Importantly, this doesn’t mean that the more popular a game is, or the more money it makes, the better it is. But if you look at all other shmups and your shmup is on the top 5% of performance relative to them, then you probably did a really good job and you can trust that your perspective of what a good shmup is is not that wrong.
Similarly, if your shmup did really poorly in comparison, it probably means you don’t really get what makes shmups work. And because you’re not coming from a self-expressionist perspective of “this is my take on shmups so how it did on the market is not very important”, and because you’re flexible, you’ll be very open to criticism and feedback, such that the next shmup you make should be changed to be significantly better.
Sakurai, for instance, seems to implicitly understand all this:
In my case, I put aside personal preferences when making games. I’m an experienced gamer, yet I made Kirby’s Dream Land to appeal to newcomers. And I made Meteos, even though I’m not so good at block puzzles. In other words, I don’t design games for myself.
I view every project that comes my way as an assignment in which I create a game to fit a certain genre or goal. […] Once you understand what makes games fun you’ll be able to create all kinds of experiences regardless of your own preferences.
And so this view - where making art is about convincingly inhabiting different perspectives - can’t be cleanly separated from business concerns like the self-expressionist view can.
In Sakurai’s case this is because he works at a company and he has a duty to do the best job he can as assignments are thrown his way, and in my case it’s simply because I enjoy being flexible. But both cases have to end up using the market, at least partly, as a metric of success, because other metrics can’t match its neutrality and thus are simply not as good tools for the job.
Not being manipulative and the dishonesty of selling
Edmund says that “to manipulate people into feeling a certain way, playing more, putting more money into the machine” is a bad thing. He is probably pointing to things like gacha games which have fairly aggressive and often times underhanded monetization strategies.
And in general I agree with this. My main problem comes with just stopping there. For instance, The Binding of Isaac is a perfect example of a game with various very addictive elements to it, and those elements could easily be read to be very aggressively and often times underhandedly designed to get people to play the game for longer. And there’s a good correlation between getting people playing a game for longer and the creator’s financial success, so there’s most definitely a conflict there.
Now, Edmund didn’t intend for his game to be highly addictive in a negative way, and this is clear by events such as the steak incident, or the many interviews he gave about where he’s coming from when he made BoI. And that place is generally a place of trying to make a good game with a really maximalist sense of exploration. Plus, even in the interview above, the fact that he’s aware that “manipulating people into playing more” is bad a thing, means that he’s a lot less likely to do it willingly.
All of this to say, I don’t believe Edmund’s intentions to be negative in any way, shape or form. But… the path to hell is paved with good intentions, so we should also look at the effects of our choices and not only our intentions. And what are the negative effects of highly addictive video games?
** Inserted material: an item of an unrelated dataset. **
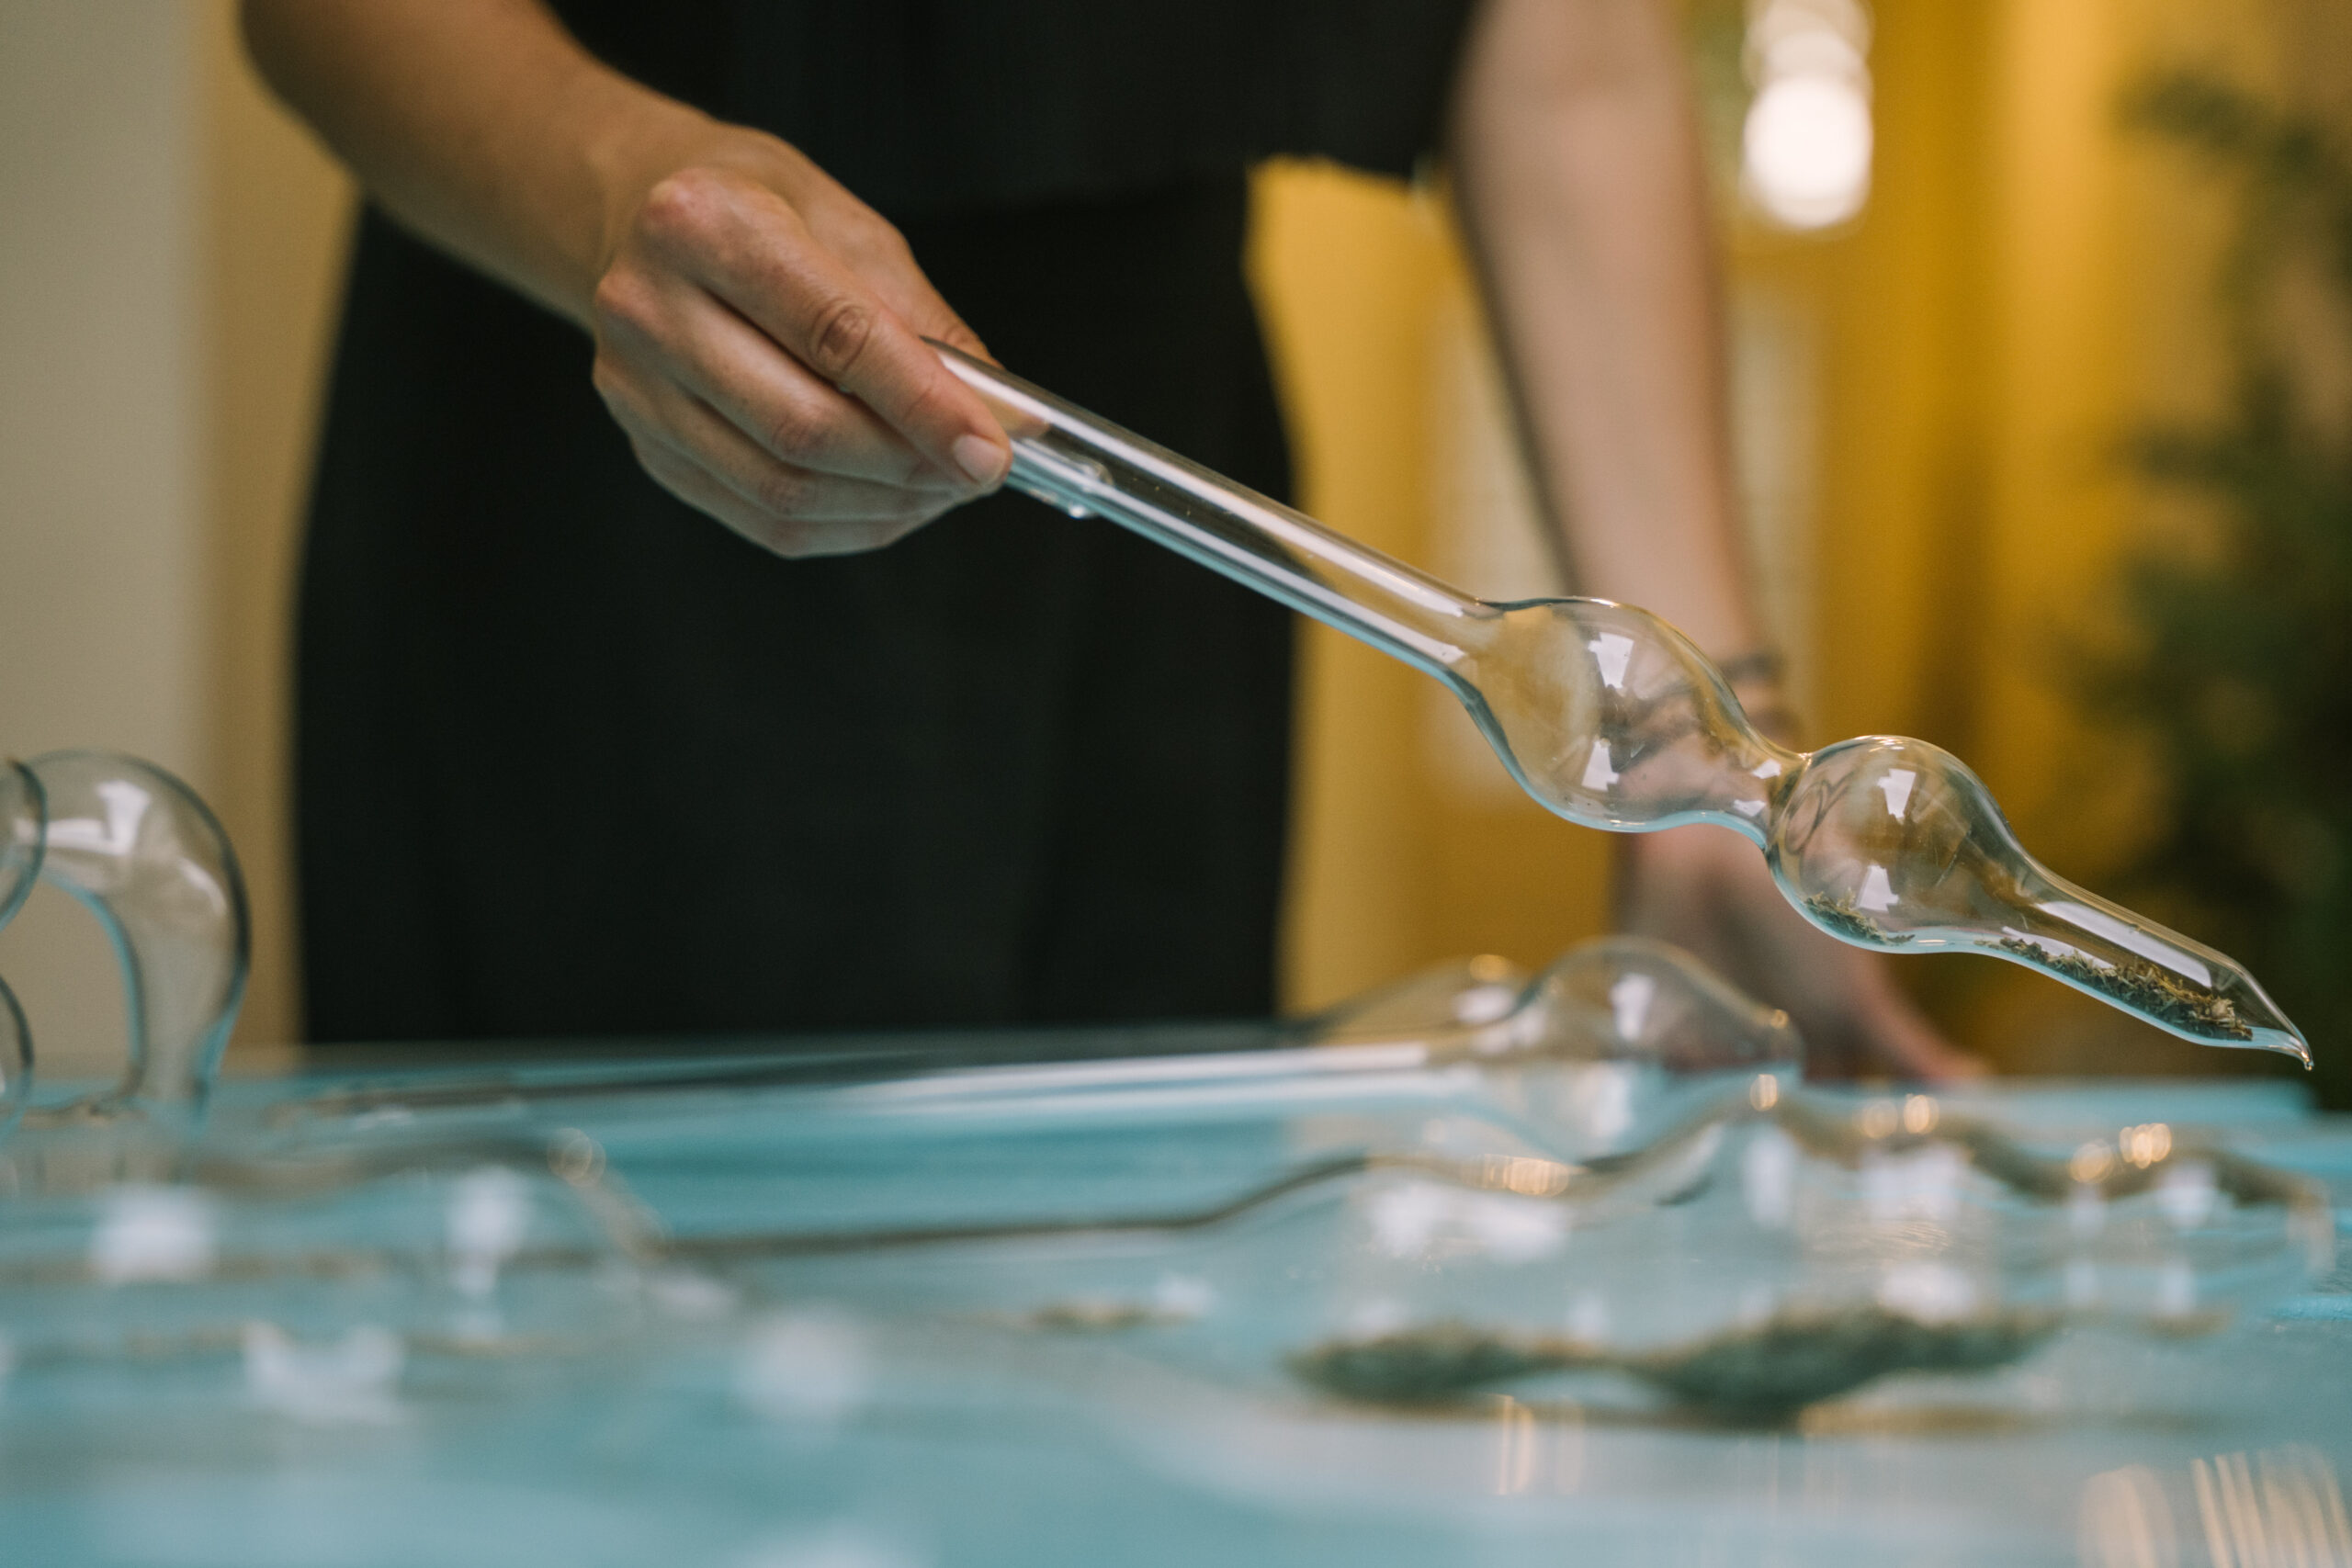 A rounded glass pipette with two bulbs is being used to diffuse scent on a turquoise table.

Well, let’s start with something everyone agrees on: gacha games.
The problem with gacha games, and mobile gaming more generally too, is that they’re designed to extract money out of a small percentage of the population that can’t help themselves. These are the so called “whales”. I think everyone sort of agrees on this and agrees that this is bad, but I don’t think people have a good understanding of what this actually entails.
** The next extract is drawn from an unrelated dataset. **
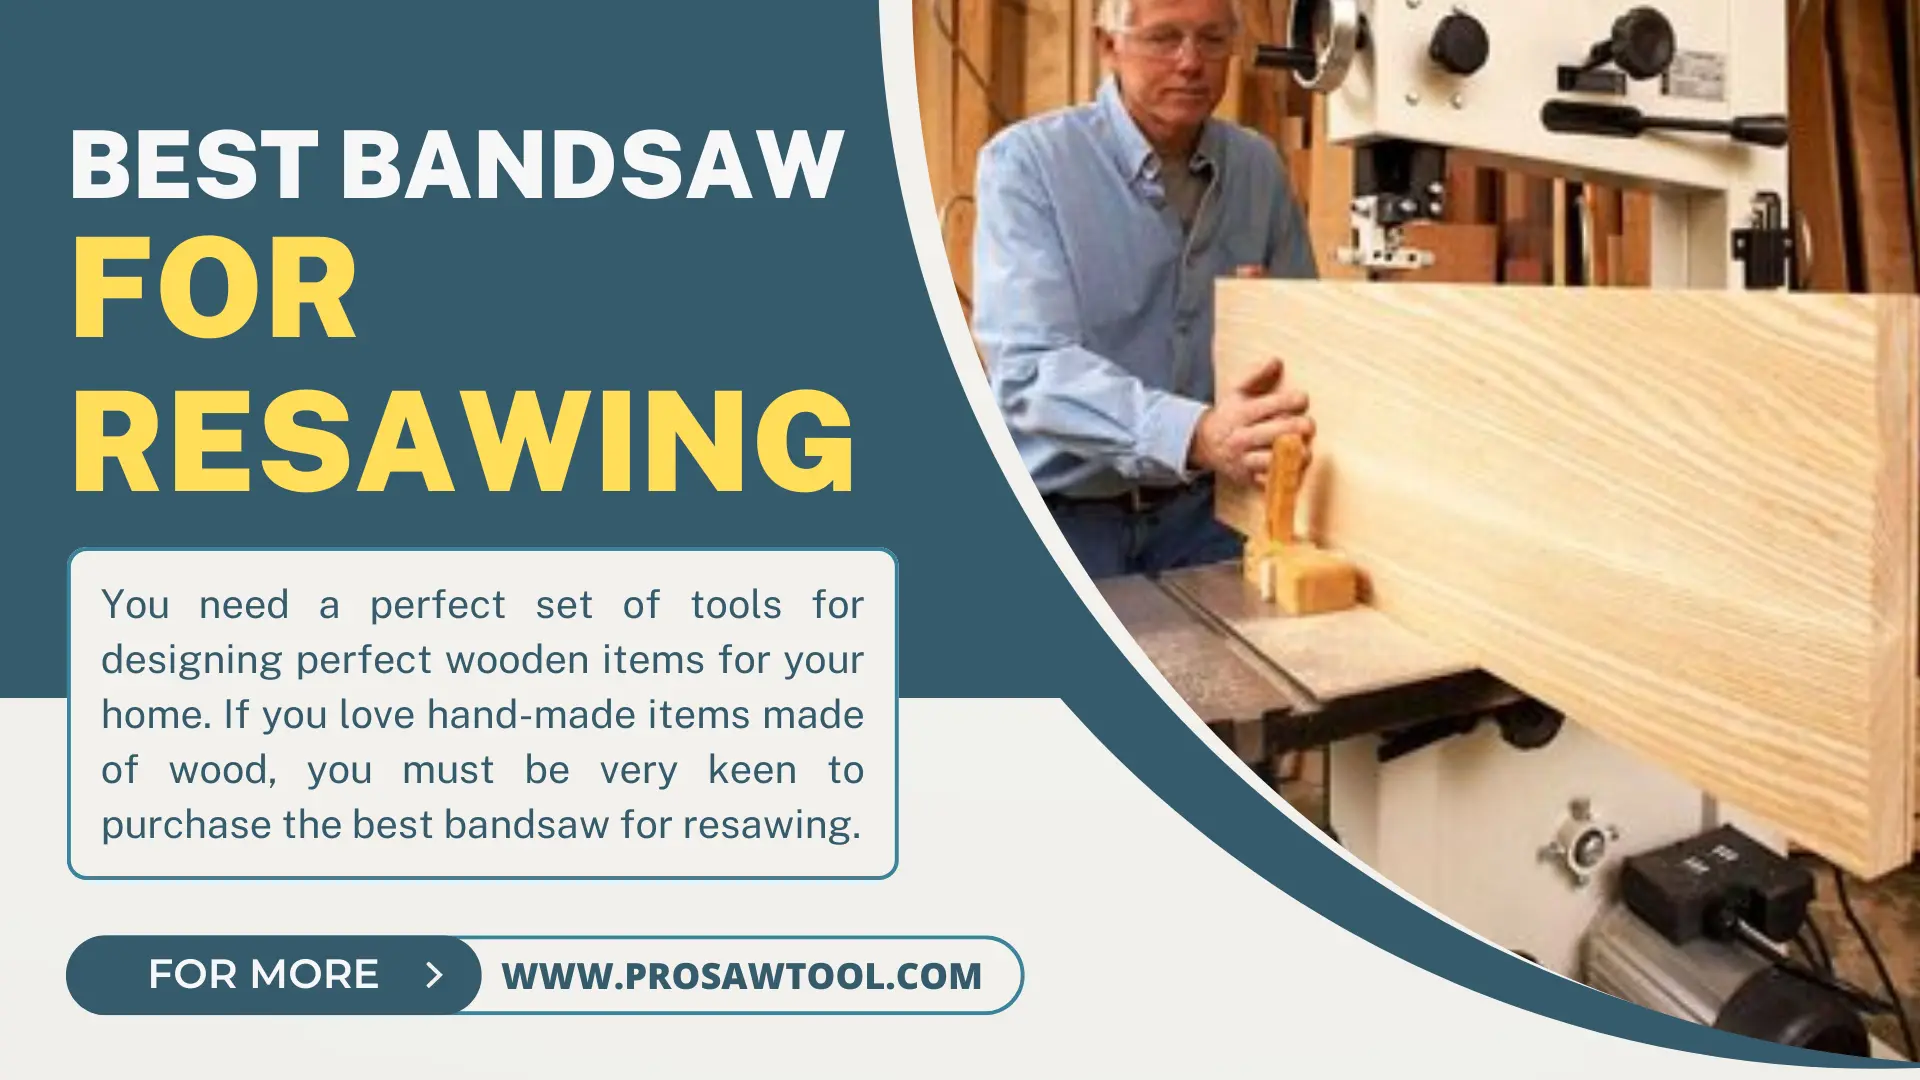 Best Bandsaw for Resawing

Have you ever dealt with people who have schizophrenia? I have, and one of the interesting features of the disease is that no matter how much you try to reason and argue with the person that their delusions aren’t real, they can’t be convinced of it. Because they can’t be convinced of it, it’s very hard to get them to accept that there’s a problem in the first place, which thus makes it very hard to get them to take medication for it, since often times the medication has bad side effects and might not even work completely on bringing the person back to reality. Nasty disease.
A good portion of people who are homeless are schizophrenics for this reason, since if you don’t have family or friends to force you into a recovery, it’s very unlikely that you’ll do it yourself, since from your perspective there’s literally nothing wrong, except for the fact that “they” really are out there watching your every move and are, in fact, about to get you. A good portion of conspiracy theorism that you see online also comes from either people who are full on schizos or somewhere on their way there.
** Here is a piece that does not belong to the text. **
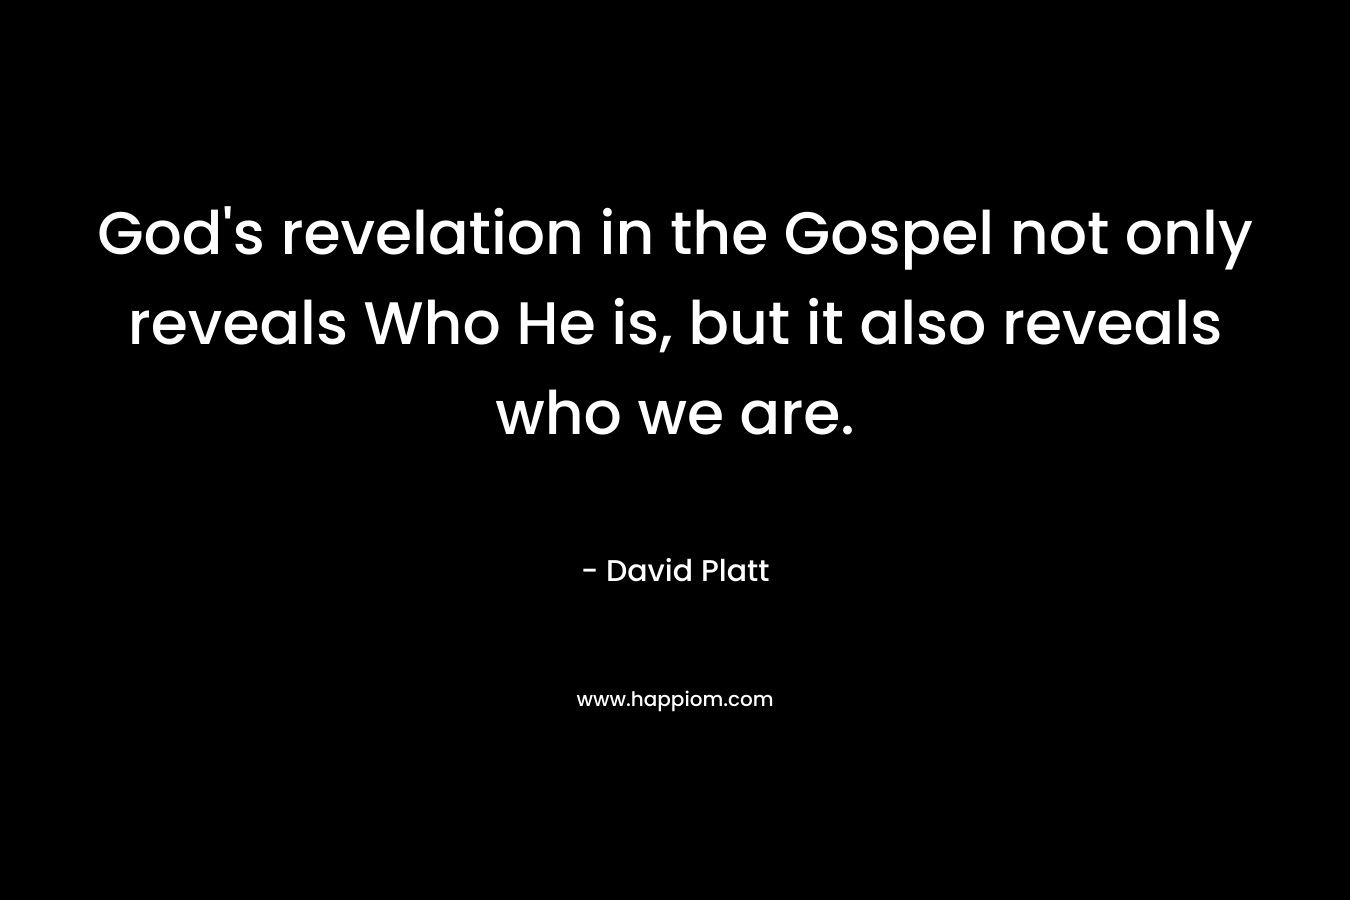 God's revelation in the Gospel not only reveals Who He is, but it also reveals who we are.

What does this have to do with gacha games? Well, out of control gambling also shares this interesting property with schizophrenia, where no matter how much you tell the gambler that the machines are literally rigged against him, he won’t be able to stop himself.
But not only that, both diseases are partly expressions of the same core instinct gone out of control. This core instinct could be described as “connection-making”. That is, the schizophrenic can’t help himself but make connections between things that are not logically connected. You see this clearly when you read conspiracy theories where usually there’s a line of argument that may start correctly, but at some point there’ll be multiple jumps in reasoning that don’t make sense, which the schizophrenic can’t tell that they make no sense because of his disease.
Jreg has a really good video on this general argument, comparing it with autism:
Gambling also has this out of control pattern matching going on, but it also has the additional feature of out of control risk taking. So if we could look at the whole population to assess its “risky connection-making” levels, we would reach something similar to this:
And this is a normal distribution. The x axis would be “risky connection-making” levels, the y axis the percentage of the population that exists at that level. As I mentioned in the cons of compassion post, most conversations people have about problems in society are conversations about a very small number of people on the edges of such distributions.
And so in the picture above, problematic gamblers would be the people to the right side of the red line. They’re maybe 1-2% of the population, but they spend way more money than everyone else because they likely have a mental illness.
I would be somewhere around the green line. I’m most definitely a risk taker, otherwise I wouldn’t be an indie developer. I’m also definitely somewhere along the schizo spectrum as I have the schizo gene, and I also like gambling mechanics. Now, I don’t gamble with real money ever as I’m very responsible with my money, but, you know, I’ve played Genshin Impact, for like, 100 hours. Didn’t spend a single cent on it, but it’s a good and fun game. I can understand why people play it and spend money on it.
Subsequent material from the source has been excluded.